Blok aan verliezende hand in slag om Franstalige kiezer

Patrick Sessler, gemeenteraadslid in Schaarbeek, verlaat het Vlaams Blok en keert terug naar het Front National (FN). De rechterhand van het Brusselse Blok-boegbeeld Johan Demol zegt genoeg te hebben van het ‘flamingantisme’ van Demol. Het is een aanwijzing dat het Vlaams Blok in Brussel aan de verliezende hand is in de slag om de Franstalige kiezer. Het FN wordt in de hoofdstad steeds meer een geduchte politieke concurrent.

De Franstalige Patrick Sessler was lang de nummer twee van het Front National, na FN-leider Daniel Féret. Sessler staat geboekstaafd als notoir neonazi. Er bestaan foto’s uit 1985, waarop Sessler en drie kompanen de Hitlergroet brengen op het graf van de fascistische Spaanse dictator Franco. Toen het FN in de jaren negentig versplinterde en er conflicten met Féret ontstonden, schaarde Patrick Sessler zich aan de zijde van Johan Demol, de gewezen ‘Robocop’-politiecommissaris van Schaarbeek. Sindsdien zit hij voor het Vlaams Blok in de gemeenteraad van Schaarbeek.

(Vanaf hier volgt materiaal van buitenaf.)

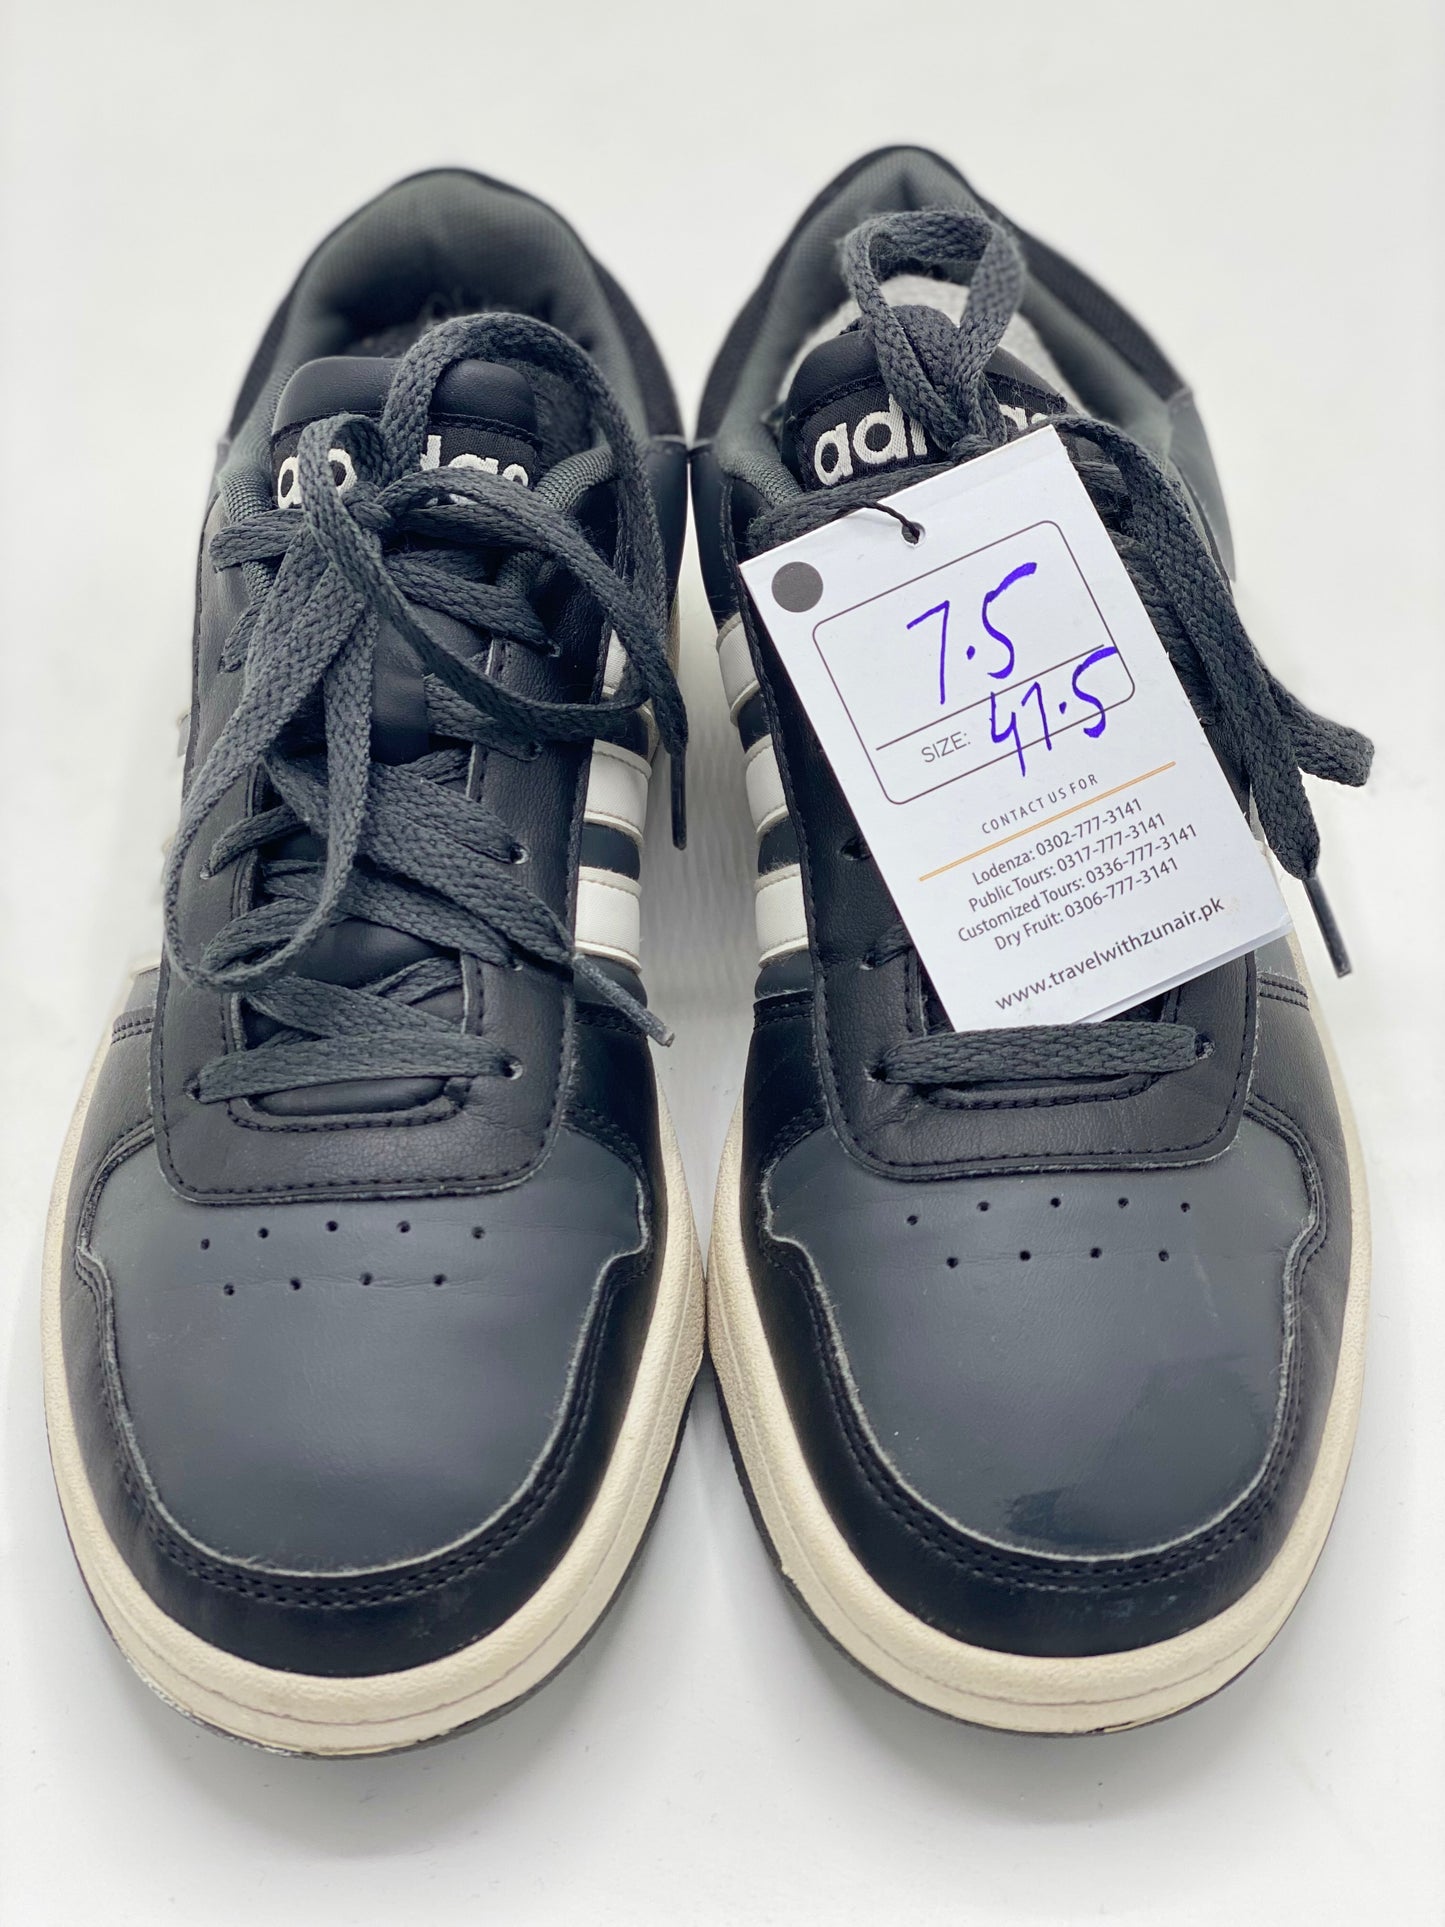 Adidas Mens Hoops 2.0 B44699 Black Casual Shoes Sneakers

Patrick Sessler paste hoegenaamd niet in de operatie die het Vlaams Blok in Vlaanderen gestart was om de harde kantjes af te vijlen en ‘salonfähig’ te worden, maar achter de schermen was hij in Brussel ‘incontournable’ voor het Blok. Hij was dag en nacht in de weer met de campagne. Bovendien kreeg het Vlaams Blok met Sessler toegang tot het extreem rechtse Franstalige electoraat in Brussel. Dat paste in de strategie van het Blok om met Franstalige stemmen de meerderheid te bereiken in de electoraal relatief kleine Nederlandse taalgroep.

Geen alleenstaand geval

Dat Sessler in Schaarbeek, het bastion van Johan Demol, de deur toeslaat en met zijn Franstalige gevolg terugkeert naar het Front National, is een tegenvaller van formaat. Meer dan ooit mikt het Blok bij de Brusselse verkiezingen van 13 juni op Franstalige stemmen om de meerderheid in de Nederlandse taalgroep te halen. En Sessler is geen alleenstaand geval. In Evere zijn onlangs ook al twee Franstalige gemeenteraadsleden van het Blok, Paul Arku en Christine Pynket, naar het Front National overgestapt. Ook zij waren lokaal de sterkhouders van het Blok.

Zowel Sessler als Arku en Pynket schrijven hun vertrek toe aan het ‘flamingantisme’ van Johan Demol. Dat klinkt ongeloofwaardig, want Demol kan voor het Vlaams Blok in Brussel juist potten breken omdat hij geen Vlaamse ‘ballast’ meedraagt en louter symbool staat voor de strijd tegen de criminaliteit en de vreemdelingen. In zijn tweetalige verkiezingsfolders benadrukt Johan Demol zelfs dat de ‘vervlaamsing’ van Brussel allerminst de bedoeling is. Van Johan Demol moeten we geen passioneel pleidooi voor een onafhankelijk Vlaanderen met Brussel als hoofdstad verwachten.

De discussie in het Vlaams Blok over de vraag of de partij in Brussel duidelijk moet opkomen voor de Vlaamse onafhankelijkheid, lijken de Franstalige Blok’ers als ‘alibi’ te gebruiken om weer aan te sluiten bij het Front National. Bij het Blok konden de Franstaligen achter de schermen wel een rol spelen, maar ze konden niet op de voorgrond treden. Op de Brusselse verkiezingslijsten van het Blok waren er voor hen geen prominente plaatsen weggelegd.

Het FN mag dan al een zootje ongeregeld zijn, bij de parlementsverkiezingen van 18 mei 2003 kon de partij voor het eerst zitjes veroveren in de Kamer en de Senaat. Meteen kan het FN voor het eerst rekenen op een overheidsdotatie van 263.000 euro. En volgens de peilingen zit het FN nog in de lift, zowel in Wallonië als in Brussel. De kans is groot dat er straks bij de extreem rechtse Franstalige partij ‘postjes’ te rapen vallen.

Voor het Vlaams Blok is de opgang van het FN in het zuiden van het land een streep door de rekening. In de hoofdstad wordt het FN steeds meer een rechtstreekse concurrent in de slag om de Franstalige kiezer. Het doet de kansen van het Blok slinken om de meerderheid in de Nederlandse taalgroep te halen en in Brussel ‘incontournable’ te worden.